The pad_sequences method is used to pad the sequences to ensure they all have the same length, which is essential for feeding the data into a deep learning model. In this example, all sequences are padded to a length of 200 words.

![image.png](attachment:image.png)

**Using Pre-trained Word Embeddings:** Pre-trained embeddings like GloVe or Word2Vec provide dense vector representations for words based on their semantic meanings. Using these embeddings helps the model understand the context and relationships between words better.

**Training Your Own Word2Vec Model:** If pre-trained embeddings do not suit your specific dataset, you can train a Word2Vec model on your own data. This approach can capture the specific nuances and patterns in your text data that pre-trained embeddings might miss.

## Model Training
**Baseline CNN** The first model is a basic CNN architecture that applies convolutional layers to the embedded word vectors, followed by pooling layers and fully connected layers, culminating in a sigmoid output for binary classification.

**LSTM Network** This model utilizes an LSTM network, which is well-suited for capturing long-term dependencies in the review text.

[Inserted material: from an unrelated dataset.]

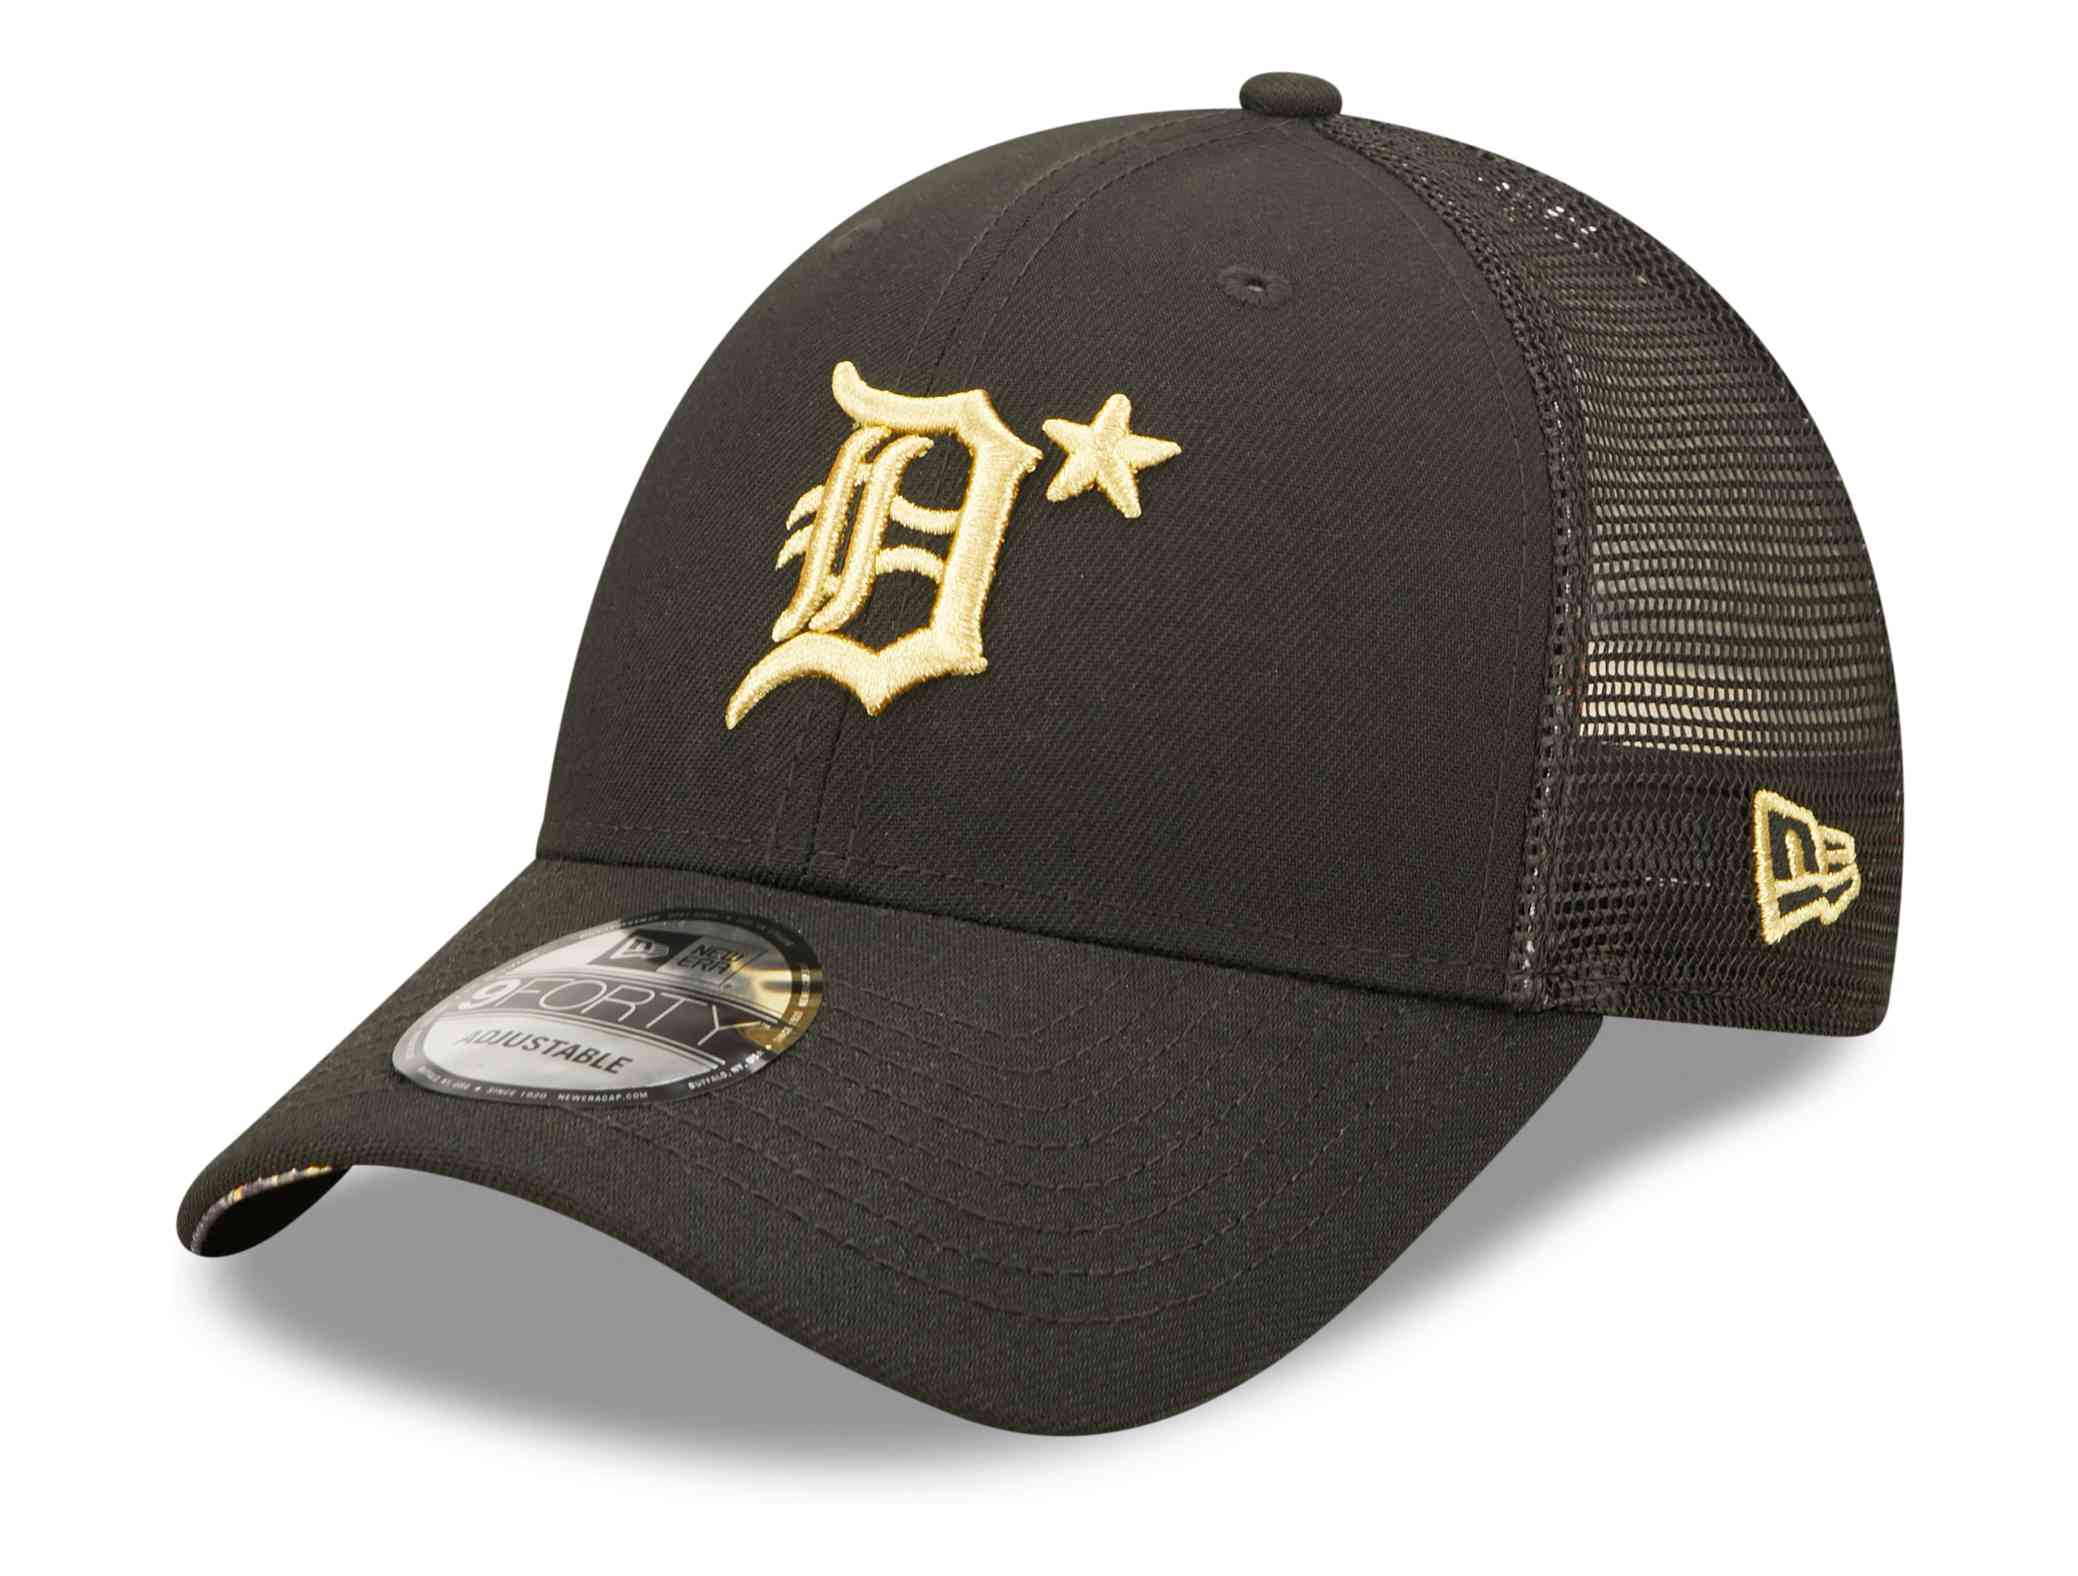 New Era - MLB Detroit Tigers All Star Game Patch 9Forty Snapback Cap

It includes multiple LSTM layers, followed by fully connected layers and a sigmoid output.

**GRU Network with Hyperparameter Tuning** The final model involves a GRU network with hyperparameter tuning, including adjustments to learning rate, batch size, and the number of GRU units, to optimize performance.

## **Model Training**

### **Baseline CNN**

**Model Summary:**
- **Architecture:** 
  - Convolutional layers applied to embedded word vectors
  - Followed by max-pooling layers
  - Fully connected layers leading to a sigmoid output for binary classification

### **LSTM Network**

**Model Summary:**
- **Architecture:**
  - Multiple LSTM layers to capture long-term dependencies in the text
  - Followed by fully connected layers and a sigmoid output


### **GRU Network with Hyperparameter Tuning**

**Model Summary:**
- **Architecture:**
  - GRU layers with hyperparameters tuned for optimal performance
  - Adjustments made to learning rate, batch size, and the number of GRU units
  - Followed by fully connected layers and a sigmoid output



| Model Name                  | Training Accuracy | Validation Accuracy | Training Loss | Validation Loss |
|-----------------------------|--------------------|---------------------|---------------|-----------------|
| Baseline CNN                | 94.8%              | 89.5%               | 0.12          | 0.28            |
| **LSTM Network**            | **94.7%**          | **95.0%**           | **0.13**      | **0.18**        |
| GRU Network with Hyperparameter Tuning | 93.5%              | 92.2%               | 0.13          | 0.19            |


## Model Recommendation
Among the three models, the LSTM network is recommended due to its superior ability to capture the contextual meaning of the reviews, resulting in the highest accuracy on the test set. This model strikes a balance between complexity and interpretability, making it well-suited for sentiment analysis tasks.

## Key Findings and Insights
**1:** The baseline CNN model performs well but may miss out on the sequential information in the text.

**2:** The LSTM model excels in capturing the sequence of words, leading to better sentiment prediction accuracy.

**3:** The GRU model, while faster to train than LSTM, offers similar performance, making it a viable alternative in time-constrained environments.

** The deep learning models effectively capture sentiment from movie reviews, providing a valuable tool for automated sentiment analysis in various applications, such as review aggregation sites or content moderation systems.

## Suggestions for Next Steps
Future work could explore the use of more advanced architectures, such as Bidirectional LSTMs or Transformer-based models, to further improve sentiment classification accuracy. Additionally, incorporating additional datasets or fine-tuning pre-trained language models like BERT could enhance model performance.